Prima il Nobel a un'autrice di soli racconti, e ora il Goncourt a un giallista-thrillerista-noirista. Non che Alice Munro e Pierre Lemaitre siano outsider, ma la loro investitura da parte dell'Accademia di Svezia e degli accademici-buone-forchette che si ritrovano ogni mese al ristorante «Drouant» di Parigi è il segno che qualcosa sta cambiando, nel panorama dei premi letterari più prestigiosi. Carenza di materia prima in cui pescare o apertura a generi e tipologie di scrittura a lungo snobbati? Ne riparleremo fra qualche anno.
Intanto diciamo che, se la «maestra del racconto breve contemporaneo» (così la motivazione dei togati scandinavi) ha visto riconosciuto il suo lunghissimo percorso disseminato di centinaia di short stories, il sessantaduenne Lemaitre ha battuto la concorrenza di Arden, opera prima di Frédéric Verger targata Gallimard, con un viaggio a ritroso nel tempo fino al primo dopoguerra.
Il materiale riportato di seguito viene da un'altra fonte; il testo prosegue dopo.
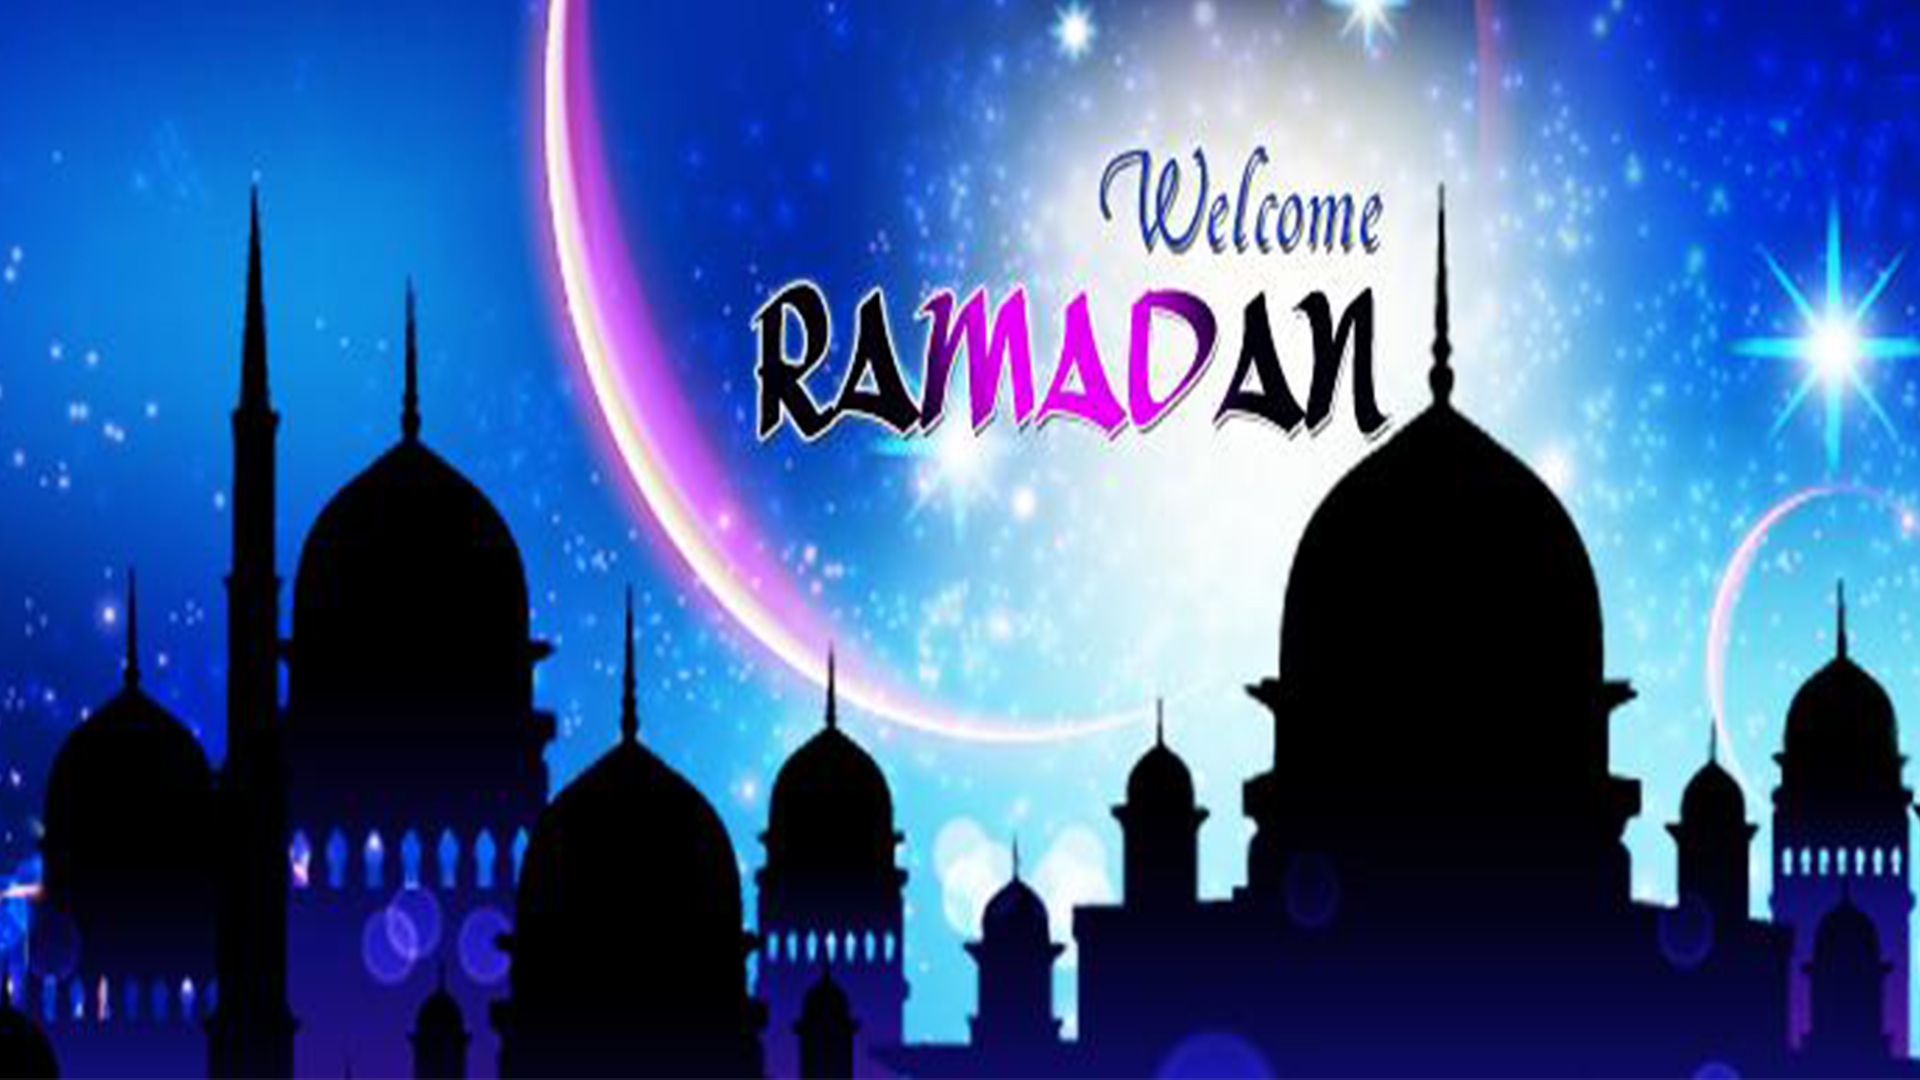 welcome ramadan image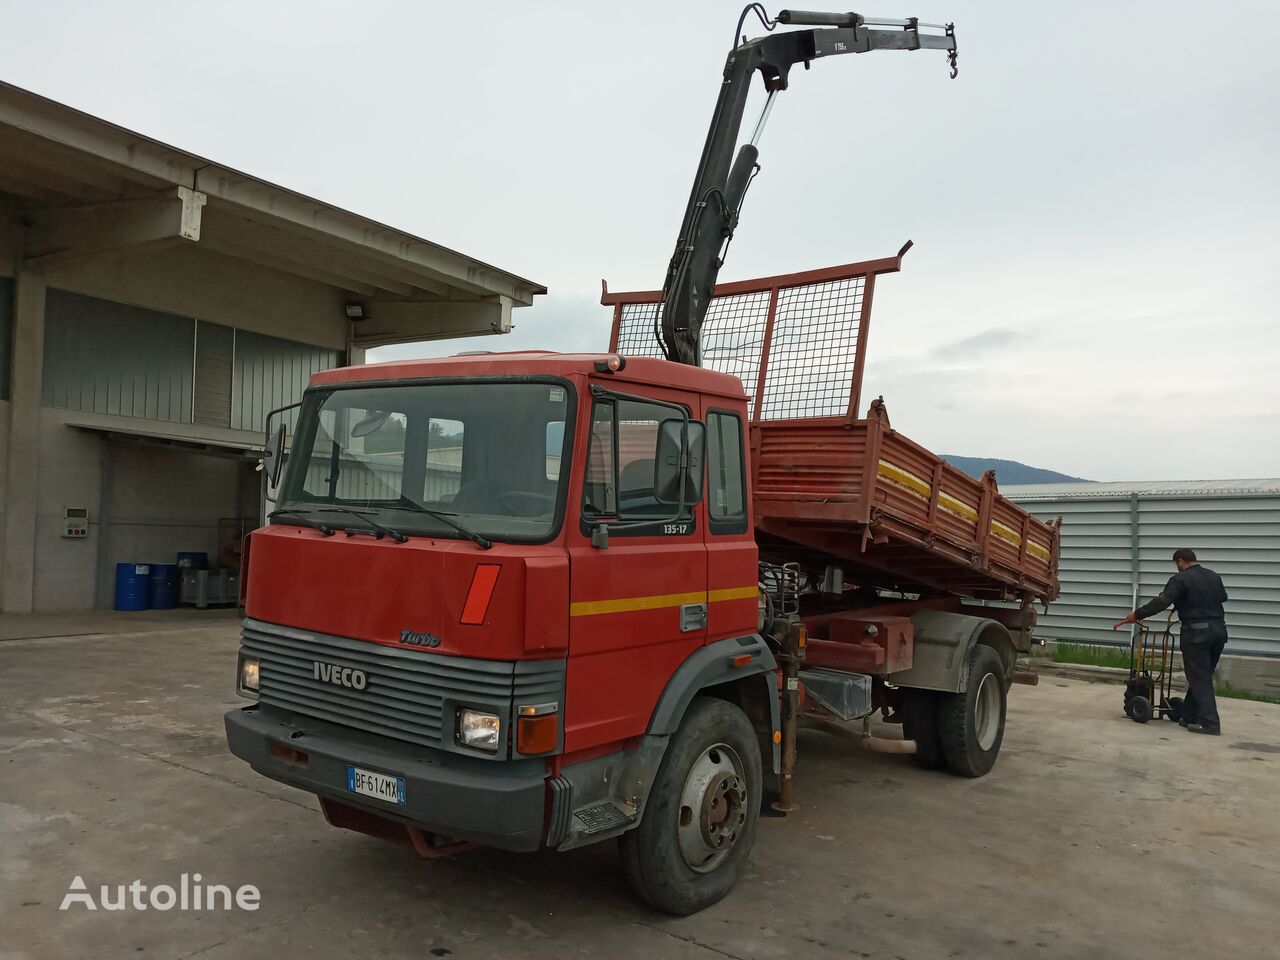 IVECO 135.17K dump truck

Anche se non ha mancato di sottolineare che la sua vittoria è un importante atto di fiducia nei confronti delle sue «capacità maturate nella scrittura dei gialli, nella fiction popolare». Au revoir là-haut (ed. Albin Michel, uscirà a gennaio da Mondadori con il titolo Ci rivediamo lassù) è infatti incentrato sulle vicende di due reduci della Grande Guerra. Le imminenti celebrazioni per i cent'anni dallo scoppio del conflitto avranno influenzato la scelta? Anche se fosse, a pensar... bene non si farebbe peccato.
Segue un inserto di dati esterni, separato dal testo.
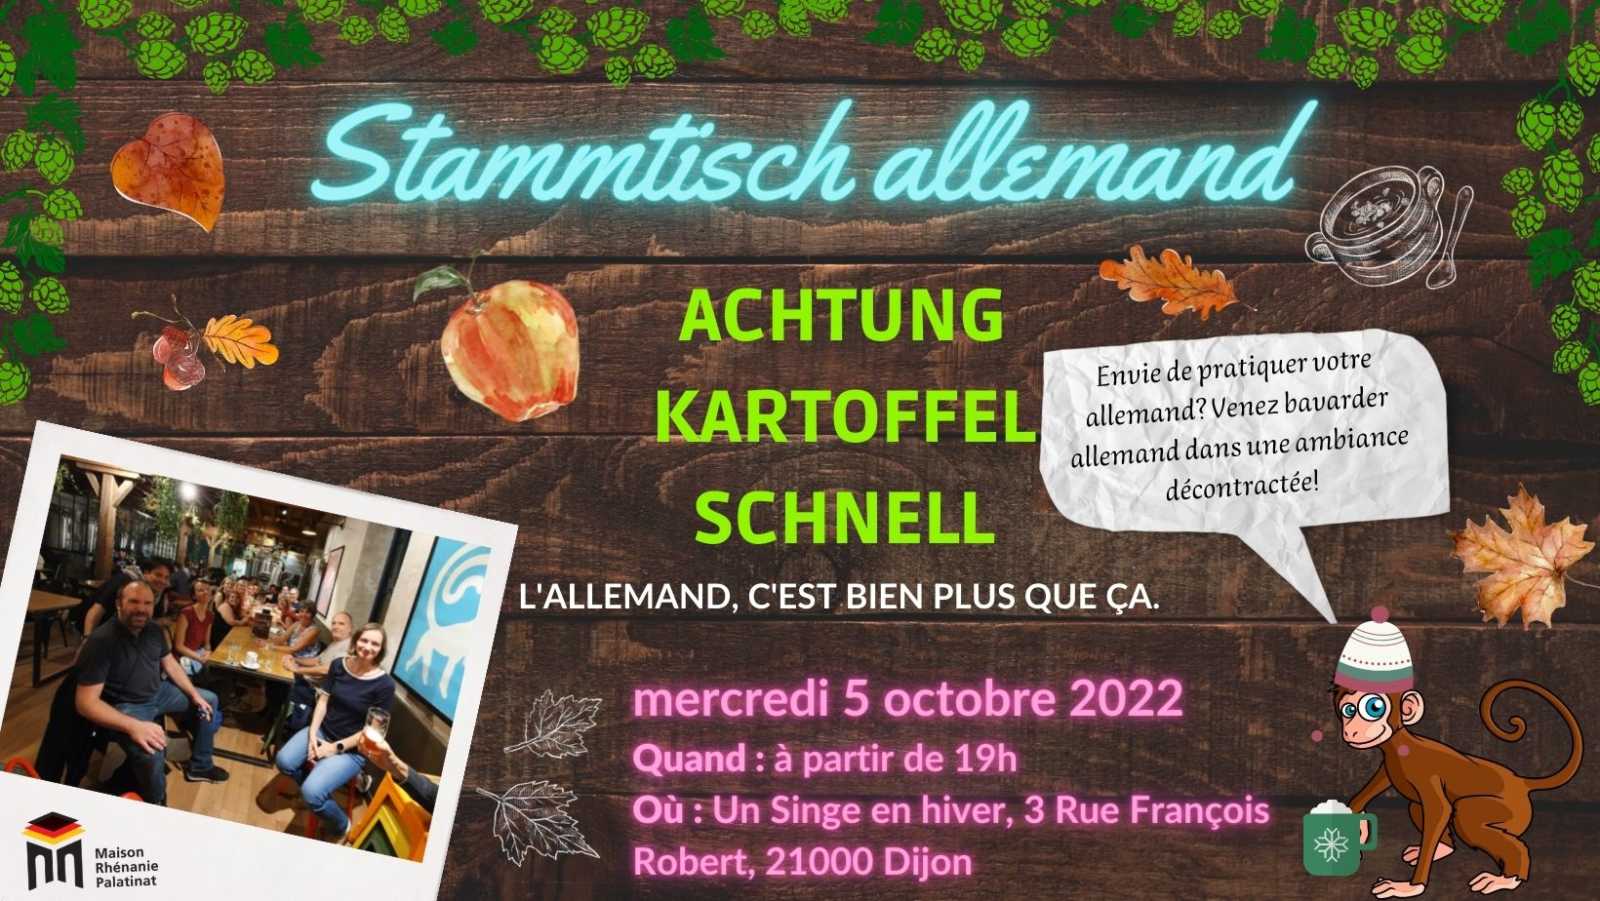 Mercredi 5 octobre 2022 à 19h : Stammtisch Allemand #2

Come non si fa peccato ricordando che Lemaitre ha pubblicato in Italia tre romanzi di tutt'altro tenore. Mentre Lavoro a mano armata (Fazi, 2013) vede un manager esodato imboccare la strada della malavita, Alex (Mondadori, 2011) e L'abito da sposo (Fazi, 2012) sono pagine ad alta tensione costruite su due figure di donne, una giovane preda di un maniaco e una baby sitter vittima di una macchinazione. Dove, ovviamente, l'autore sta dalla parte delle signore.